Metareading is a prerequisite for the rich interpretive discussion that we find in sophisticated literary close readings that turn on questions of genre. If we claim that a text represents an instance of a type such as novel, romance, epic, lyric, pastoral, tragedy, satire, magic realism, or speculative fiction, here again we’re making a statement about what the text is. The statement isn’t a mere observation but rather a critical judgment, and one with the power to completely re-order our understanding of what the texts says.

Without metareading, we’d have no way to understand a text’s meaning or cultural significance in relation to its publishing history (did the author make changes to later editions?), its material self-presentation (three-volume novel or inexpensive, paperbound numbers in a serial, or both?), or its treatment of paratextual features such as the title page (does it display the author’s real name? a pseudonym? “Anonymous”? no name at all?). We need metareading to be able to think about the text in relation to its date (or dates) of publication and everything else that was going on at that moment in the author’s life and the world at large.

Metareading and scholarly editing

As an example of how metareading comes into play in scholarly editing, consider the poems of Emily Dickinson. Virtually all of Dickinson’s poetry was unpublished — in the conventional sense — in her lifetime, although she shared and circulated her poems with several people in different handwritten forms.
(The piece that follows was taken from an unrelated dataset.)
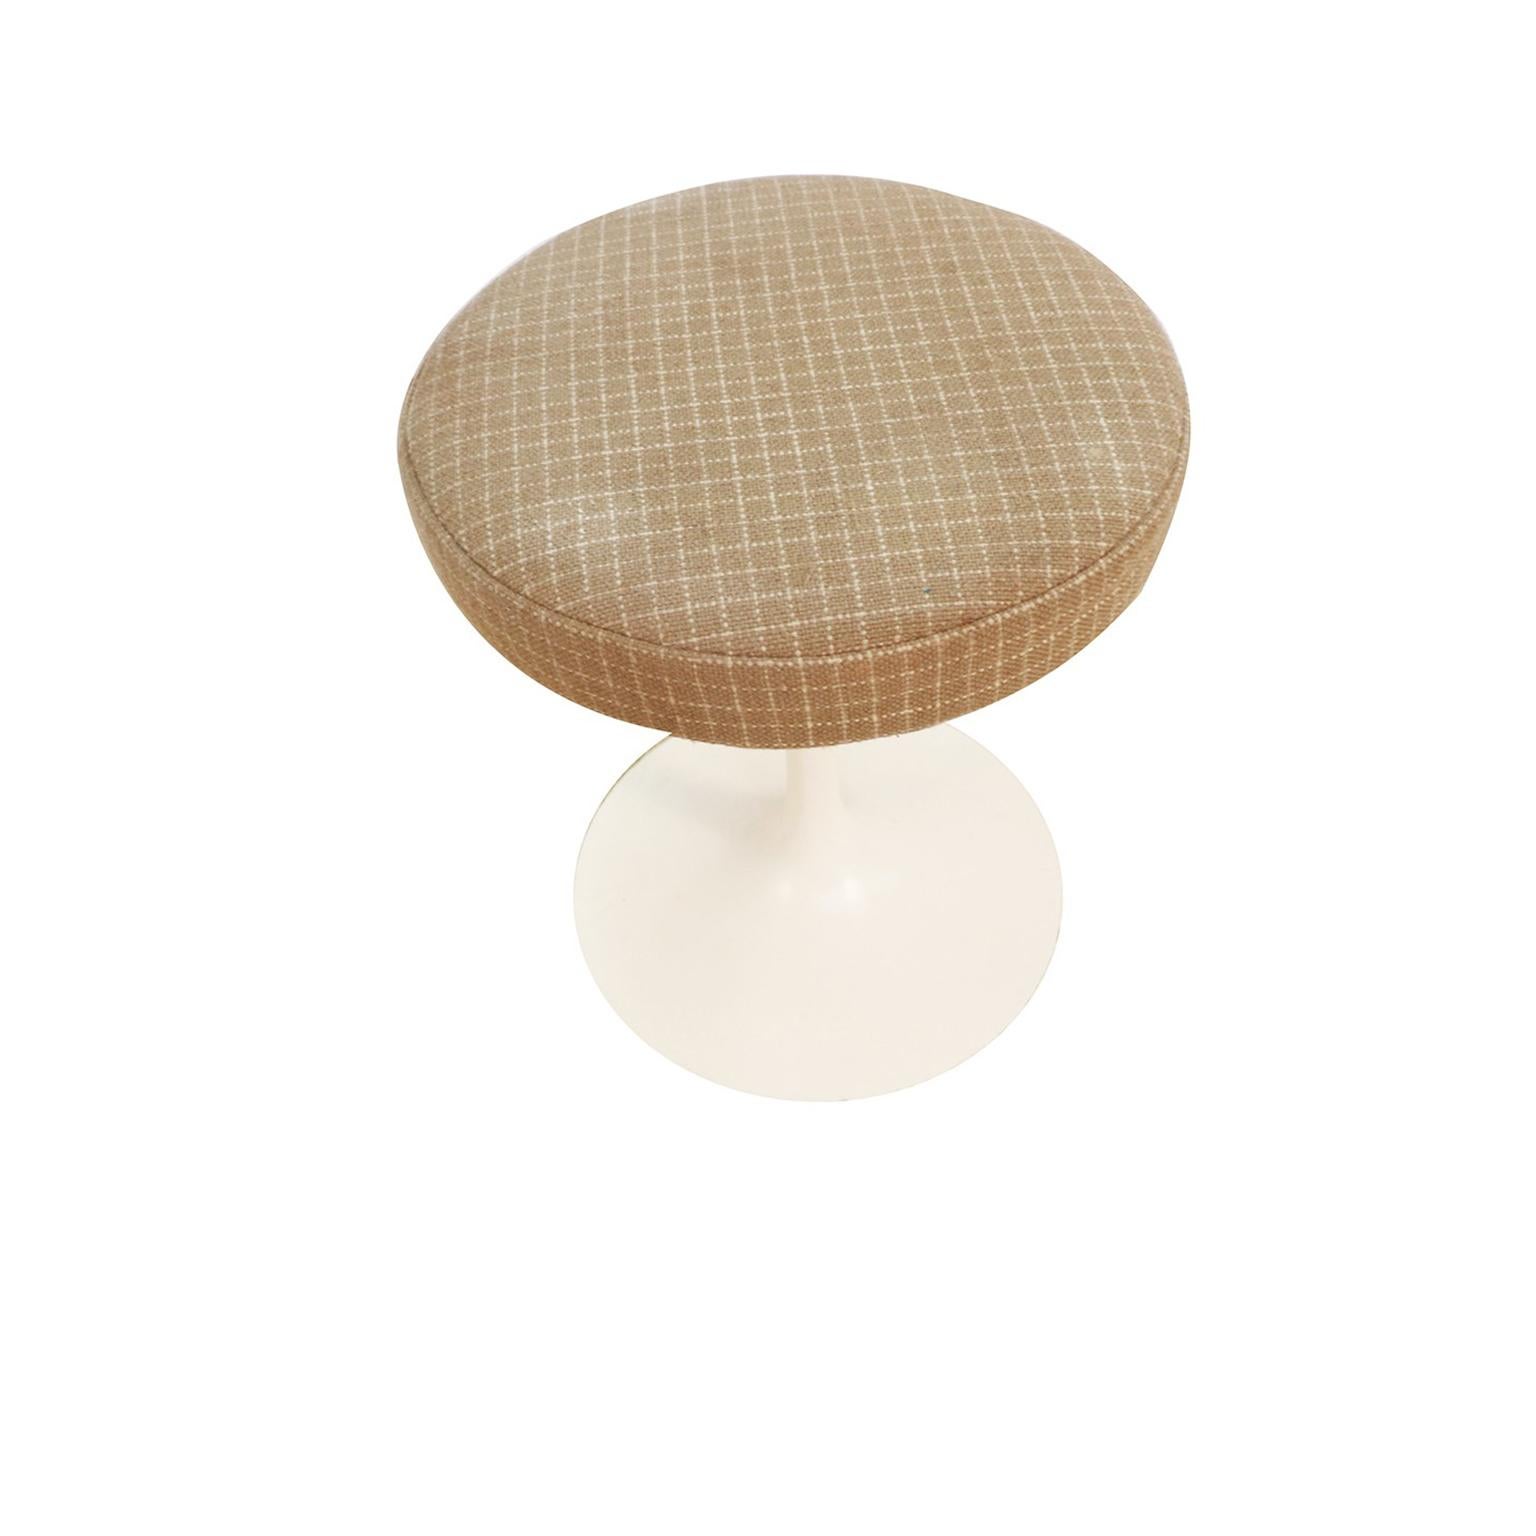 Classic Mid-Century Modern swivel “Tulip” stool designed by Eero Saarinen (USA 1910-1961) for Knoll Furniture International in 1956. Features original beige wool upholstery with contrasting coral red check grid lines covering a padded circular seat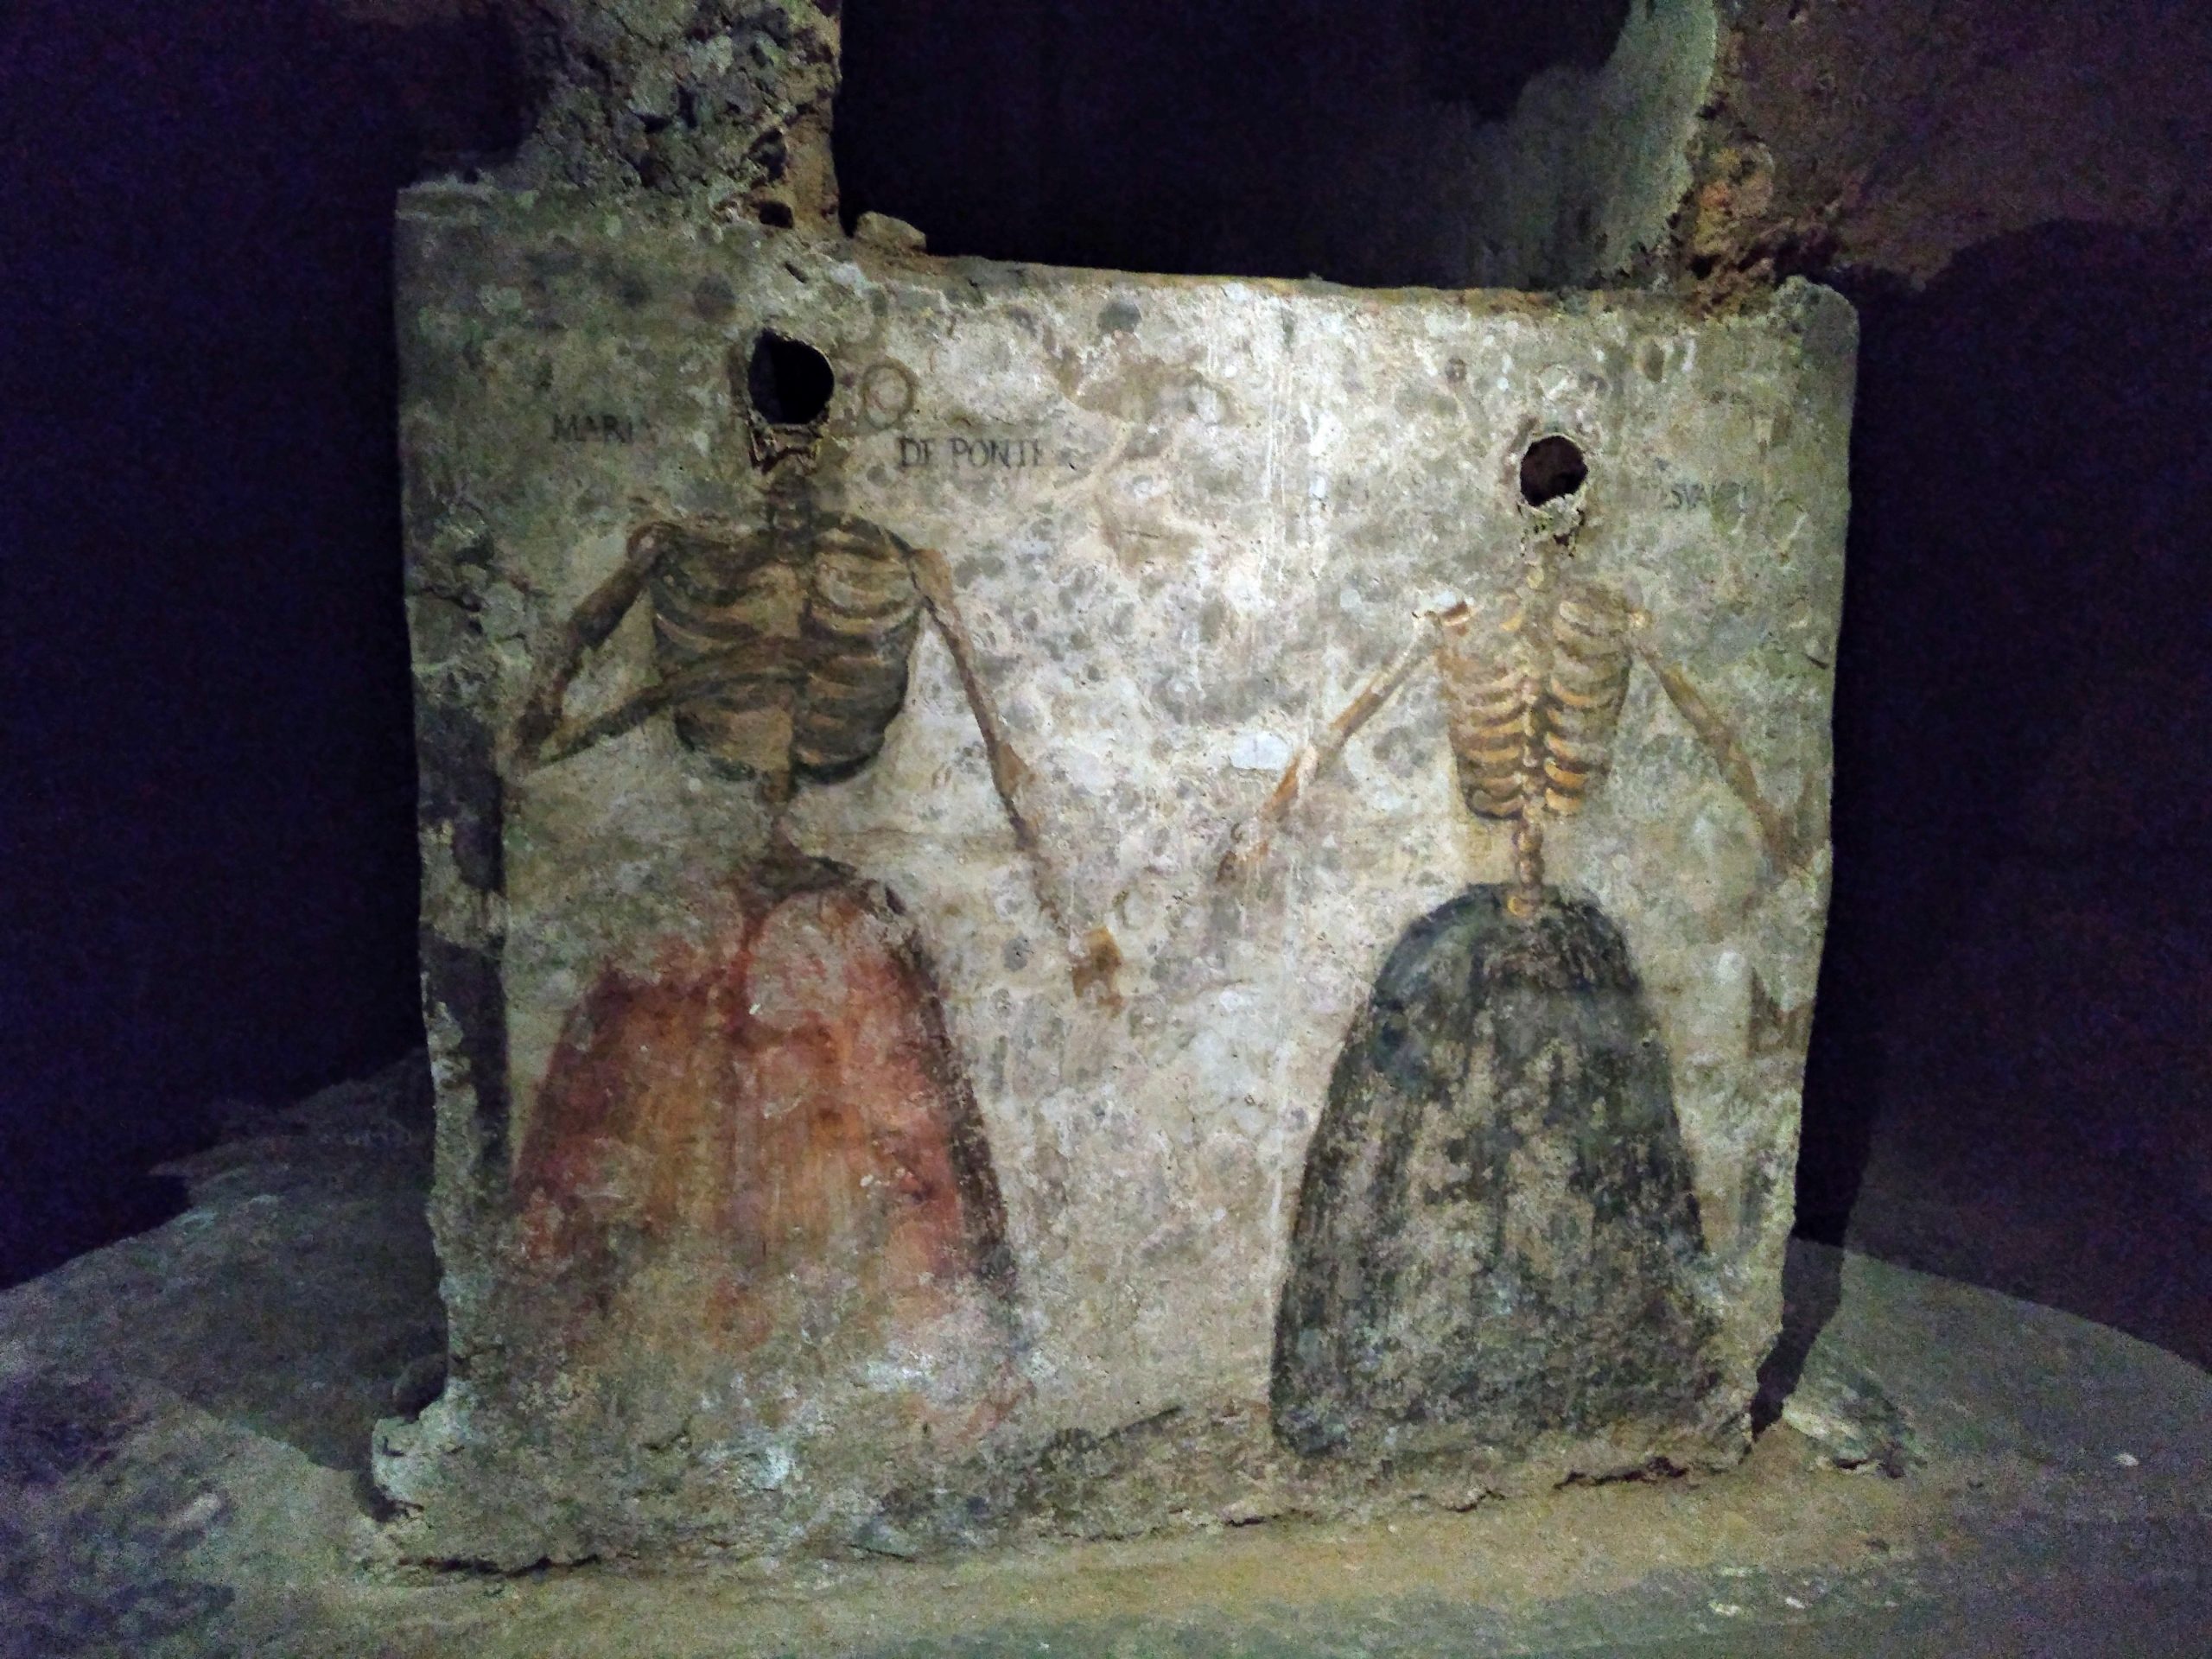 QEST study visit, frescoes of skeletons with skirts on

So editors of Dickinson’s poetry must begin with her manuscripts, in which some poems exist in multiple versions and Dickinson’s punctuation and capitalization are idiosyncratic.

As a result of different editorial choices around these variations, a poem with a single manuscript source may look quite different in different editions, possibly inviting different interpretations.

Even more significant, according to the editors of Emily Dickinson’s Correspondences: A Born-Digital Inquiry, readers typically encounter these poems as free-standing artifacts, whereas in actuality many were incorporated into or enclosed with the author’s letters. Prying them loose from this surrounding material changes what they are and may thus lead readers to miss or misunderstand some of what they say.

Published translations of Emily Dickinson’s manuscripts homogenize her various writings so that all letters appear to be of the same ilk, as do all poems. Editions that divide letters from poems and poems from letters elide important aspects of the positions of Dickinson’s poems within epistolary contexts and vice versa. Emily Dickinson blended or embedded poems into the prose in letters; wrote them on separate sheets and enclosed them with letters; wrote poems and sent them as letters, with salutation and signature. In other words, Dickinson’s poems are often part of letters, and poems are often letters or are contextualized by their mutual enclosure in an envelope with a letter. But these poems, letters, and letter-poems are difficult to comprehend when they are stripped from their original context.

Far from treating Dickinson’s poems as “dusty achievements,” Emily Dickinson’s Correspondences seeks to give them new life for readers by restoring the context that other editions leave out. “By doing so,” the editors write,

we hope to make it possible for more readers to engage in deeper, broader inquiries into the writing practices of this revered American poet, asking questions such as, “What was Emily Dickinson writing? Is this verse or prose or something else? What kinds of practices did she enact in her letter writing? How are poems integral to, and integrated into, her letters? How might poems in letters, and letter-poems, differ from poems in bound manuscript books?”